As attacks on US troops in Baghdad mount officials in Washington are increasingly worried that Hussein has become a symbol used by remnants of his regime to rally their supporters.
Fear that Hussein may be coming back could now be intimidating Iraqis otherwise sympathetic to US goals. Baath Party elements have already expanded their targets to include police cadets, utility officials, and others deemed too close to American civilian administrators.
US officials are now going so far as to flatly state that if Hussein remains alive he will be found and brought to justice. That marks a toughening of official rhetoric - in the past, most in Washington said their target was a regime, not a person.
"Finding the leadership element, which was what the whole war was about . . . is still the key to the postwar phase," says retired Brig. Gen. John Reppert, an expert on military strategy at Harvard's John F. Kennedy School of Government.
Administration officials continue to insist that the resistance encountered by US troops in Iraq is not the work of a nationally organized force.
A disparate array of groups are likely the source of the violence, they say. These include Baath Party political loyalists, Fedayeen Saddam guerrilla groups, and international terrorists.
Some of these terrorists "have connections to Iran," said L. Paul Bremer, the top US administrator in Iraq, in a Baghdad briefing July 1. "Some have connections to Al Qaeda.
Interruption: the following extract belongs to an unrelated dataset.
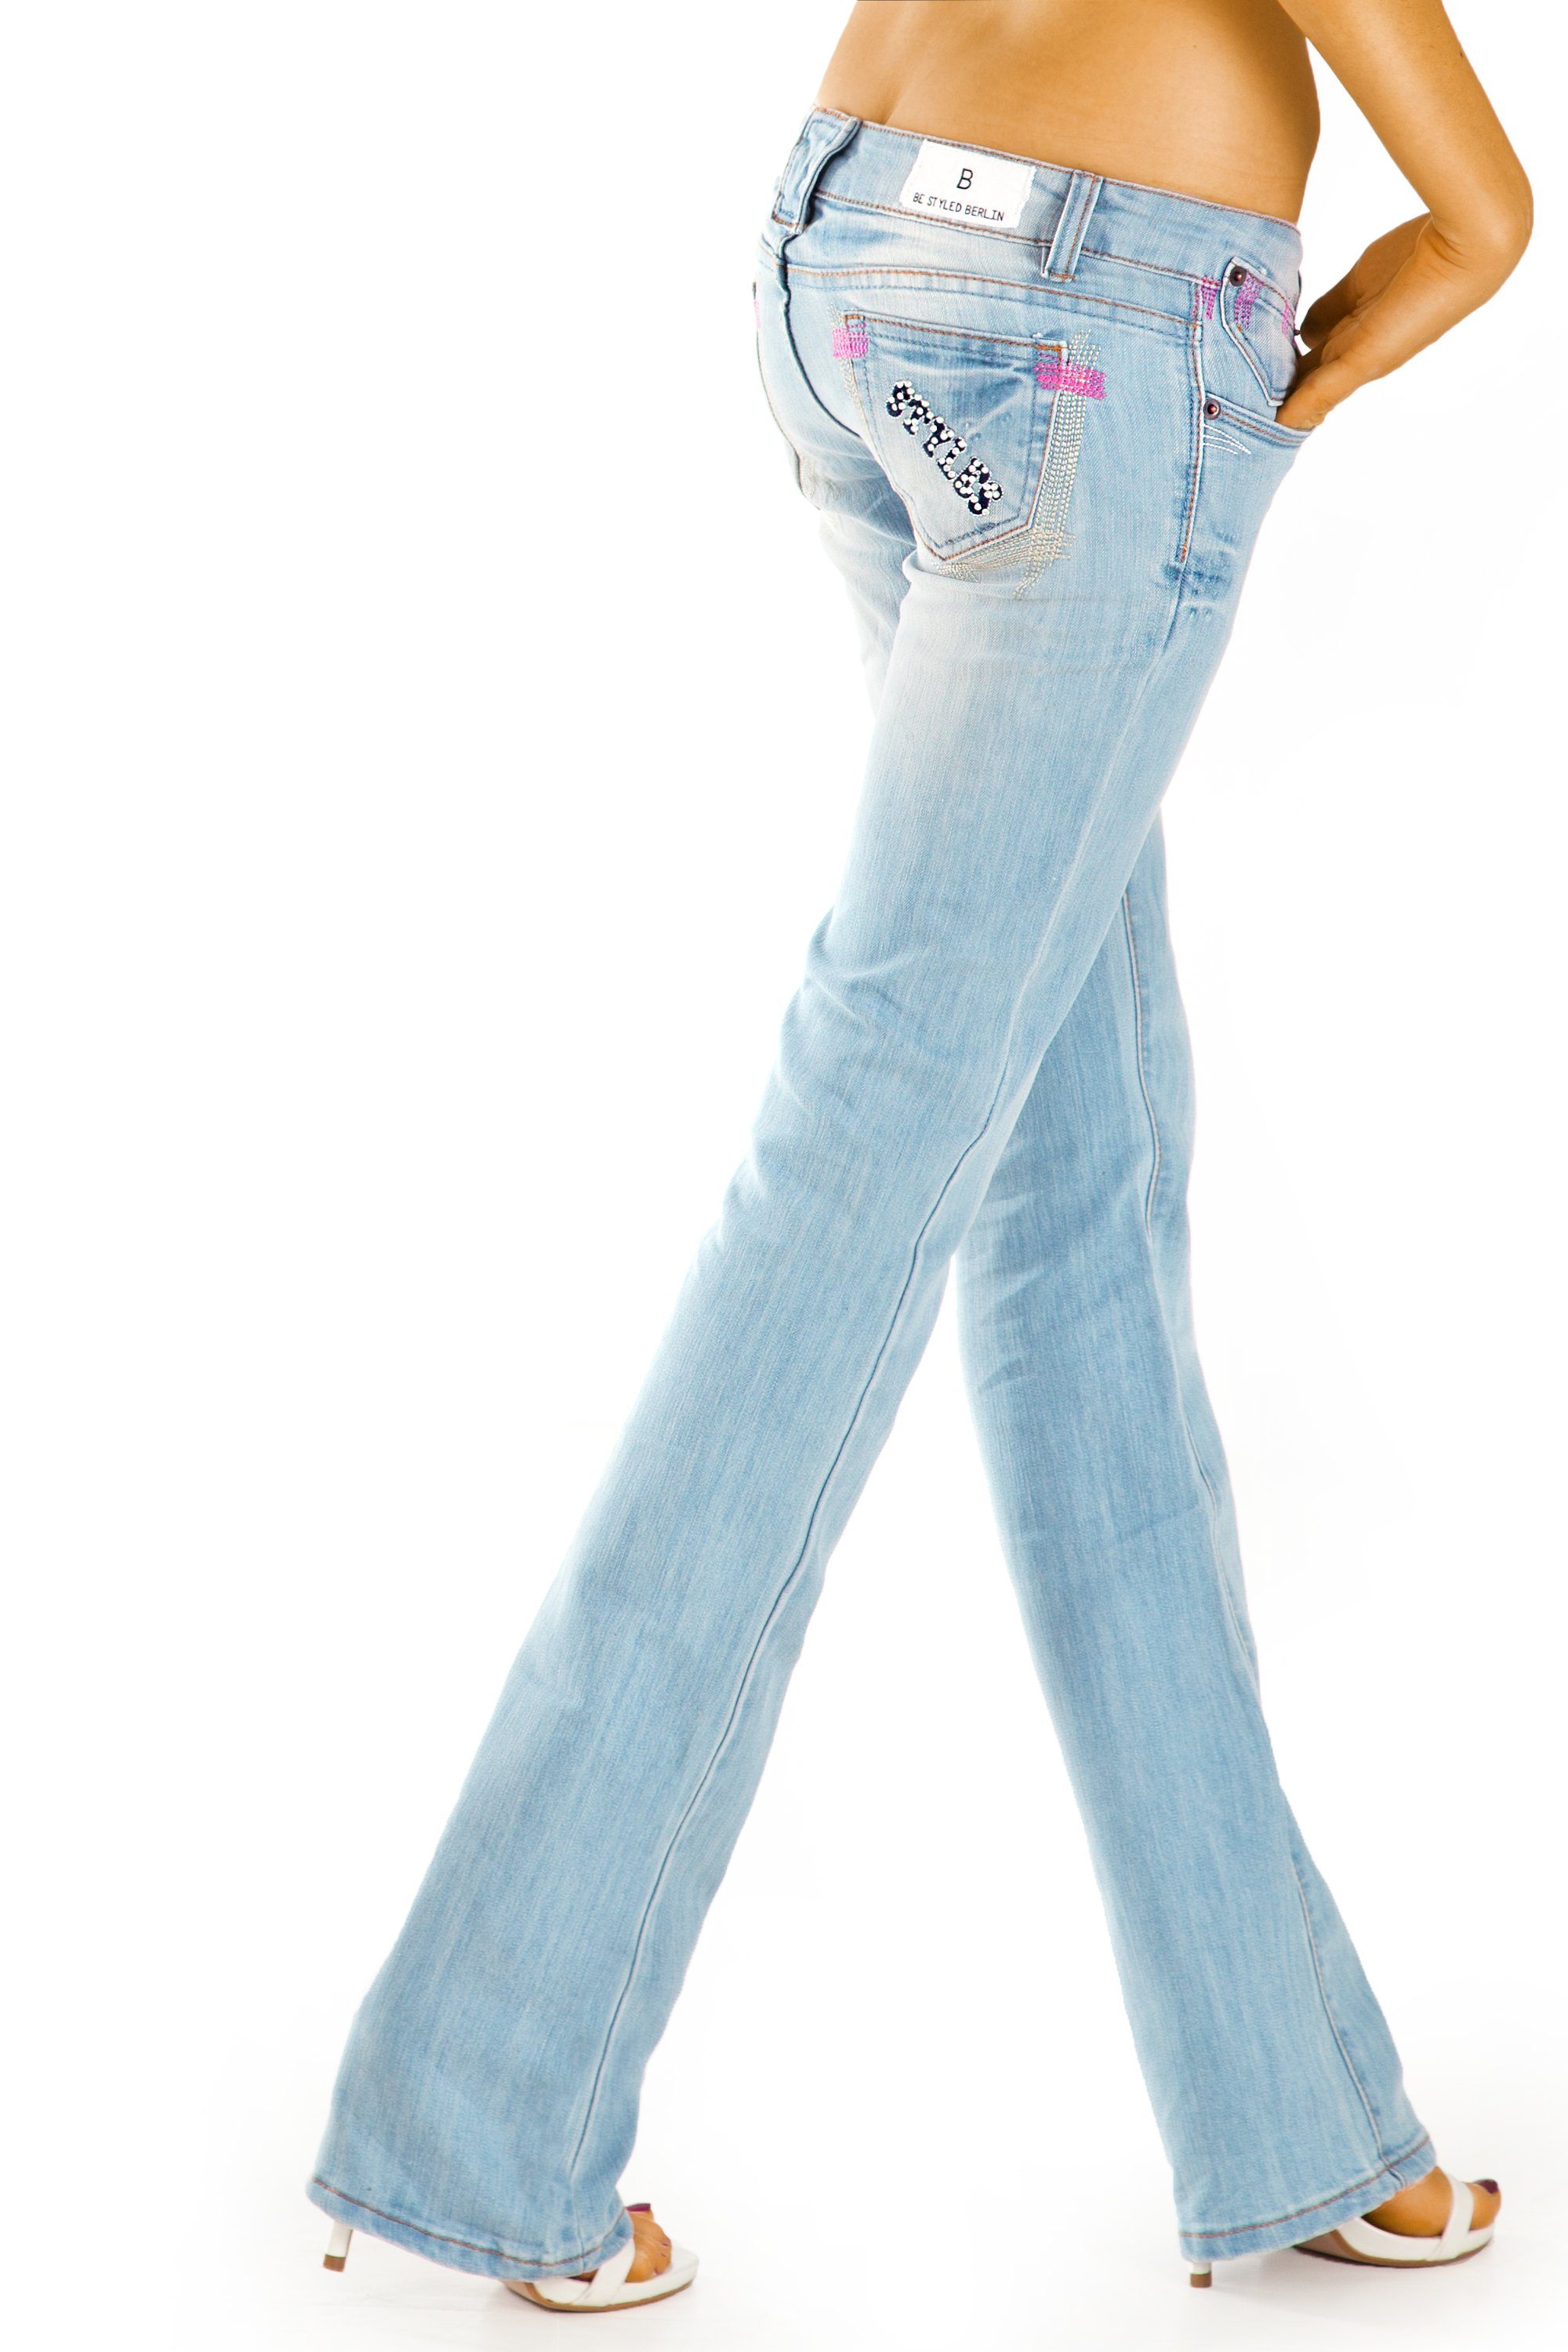 styled tiefer Bootcut-Jeans be Leibhöhe mit Stretch-Anteil, sehr Hüftjeans extrem - Damen - 5-pOcket-Style niedrige Jeanshose j37a-1 Bootcut Leibhöhe,

Some are from other countries in the region."
Whatever their source, the attacks have begun to take a steady toll of casualties.
At time of writing on Monday, three American soldiers had been killed over the previous 24 hours.
Early Sunday one GI was shot point-blank as he walked through Baghdad University, whose southern Baghdad campus had been considered a relatively safe area.
Then on Monday gunmen ambushed a US platoon in northern Baghdad's Adhamiyah neighborhood, killing one. Later a homemade bomb tossed at a US convoy in roughly the same area of the city killed another American service member. Also on Monday, in the town of Ramadi, 60 miles west of Iraq's capital, someone fired a rocket-propelled grenade (RPG) at another US convoy. Four were wounded.
Whether these attacks are directed by some central authority or not, they have the effect of undermining American authority, says military expert and retired Air Force Col. Sam Gardiner.
The rapid American invasion of Iraq and the quick ascension of US power in Baghdad created an aura of overwhelming strength. Perhaps inevitably, that aura has now been tarnished.
"A small number of attacks showed that the Americans were vulnerable," says Gardiner.